Given the records below, would you repeat exactly the lines that begin at the one containing "20 июля - День торта! I Cake You!" and end at the one containing "Napoli appartenente allo", inclusive?

§ **Given records**
.....

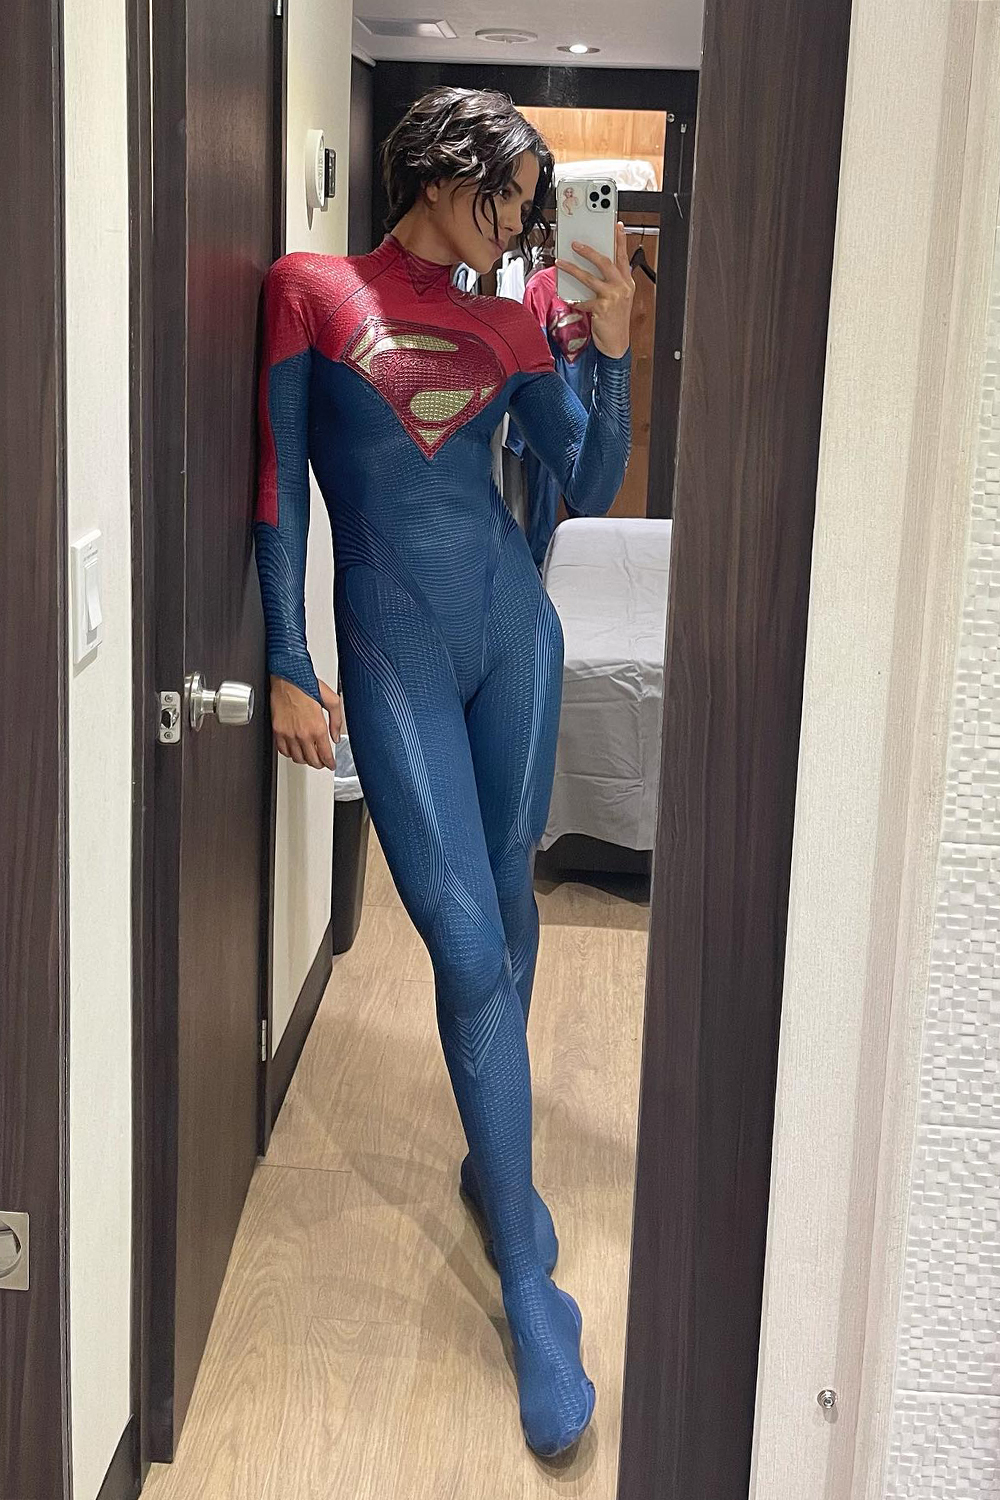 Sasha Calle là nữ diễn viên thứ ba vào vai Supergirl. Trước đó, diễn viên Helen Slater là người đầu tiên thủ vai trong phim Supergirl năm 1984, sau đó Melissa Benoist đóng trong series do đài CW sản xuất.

.....

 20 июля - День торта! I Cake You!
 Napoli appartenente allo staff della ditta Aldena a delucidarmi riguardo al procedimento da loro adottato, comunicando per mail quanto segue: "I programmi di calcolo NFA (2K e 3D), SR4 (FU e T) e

.....

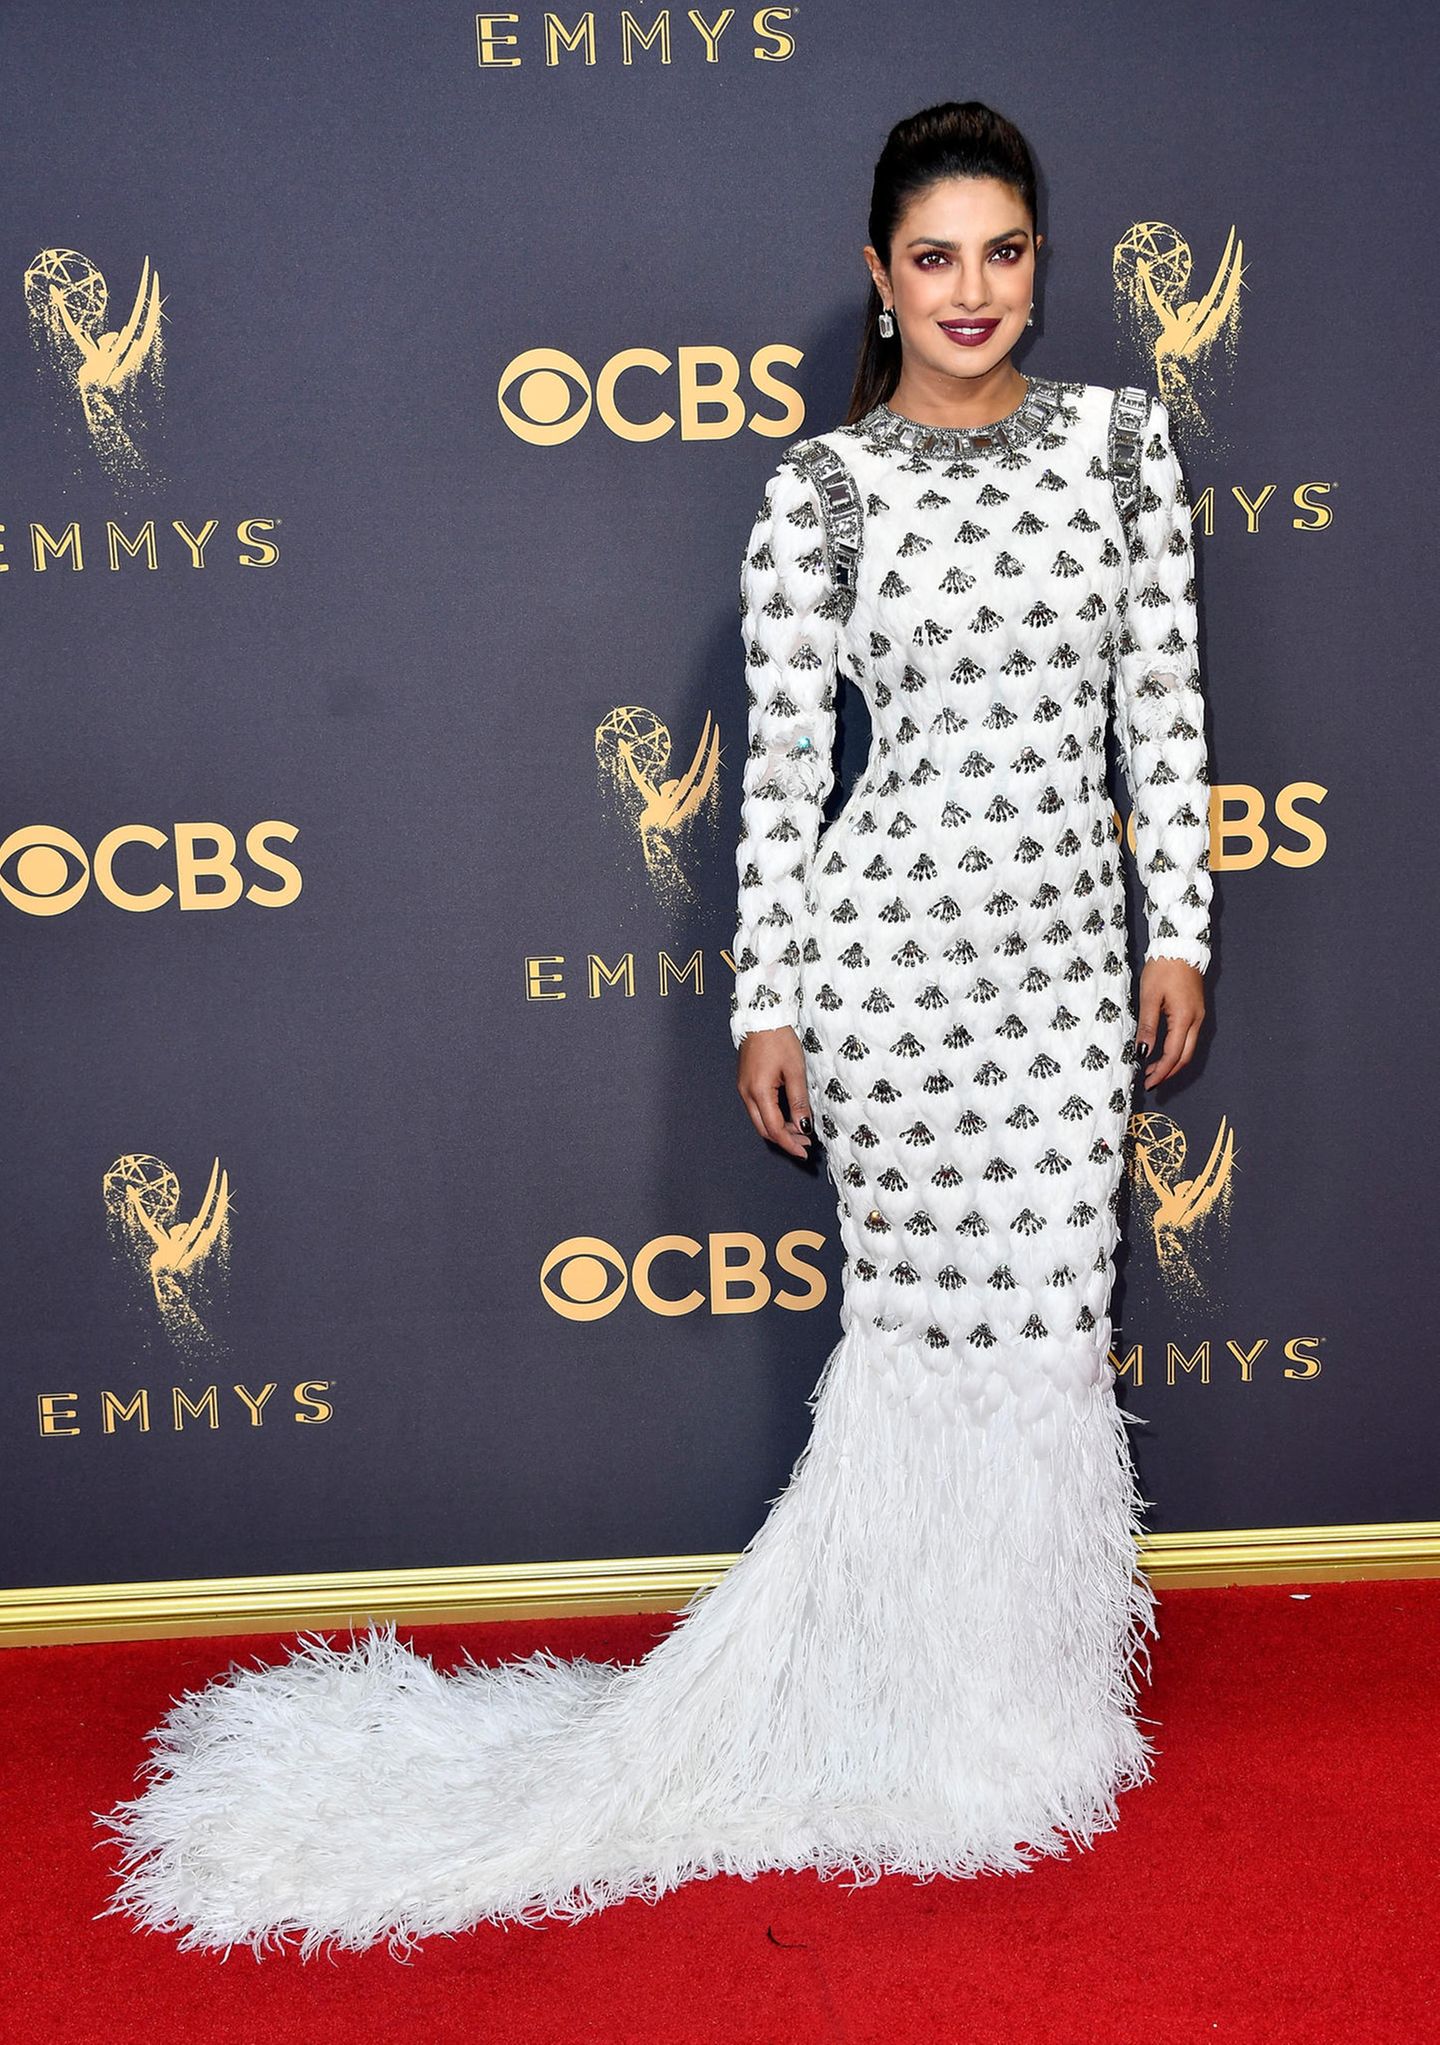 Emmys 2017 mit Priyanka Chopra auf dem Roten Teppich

.....

§ **The completed task**
 20 июля - День торта! I Cake You!
 Napoli appartenente allo staff della ditta Aldena a delucidarmi riguardo al procedimento da loro adottato, comunicando per mail quanto segue: "I programmi di calcolo NFA (2K e 3D), SR4 (FU e T) e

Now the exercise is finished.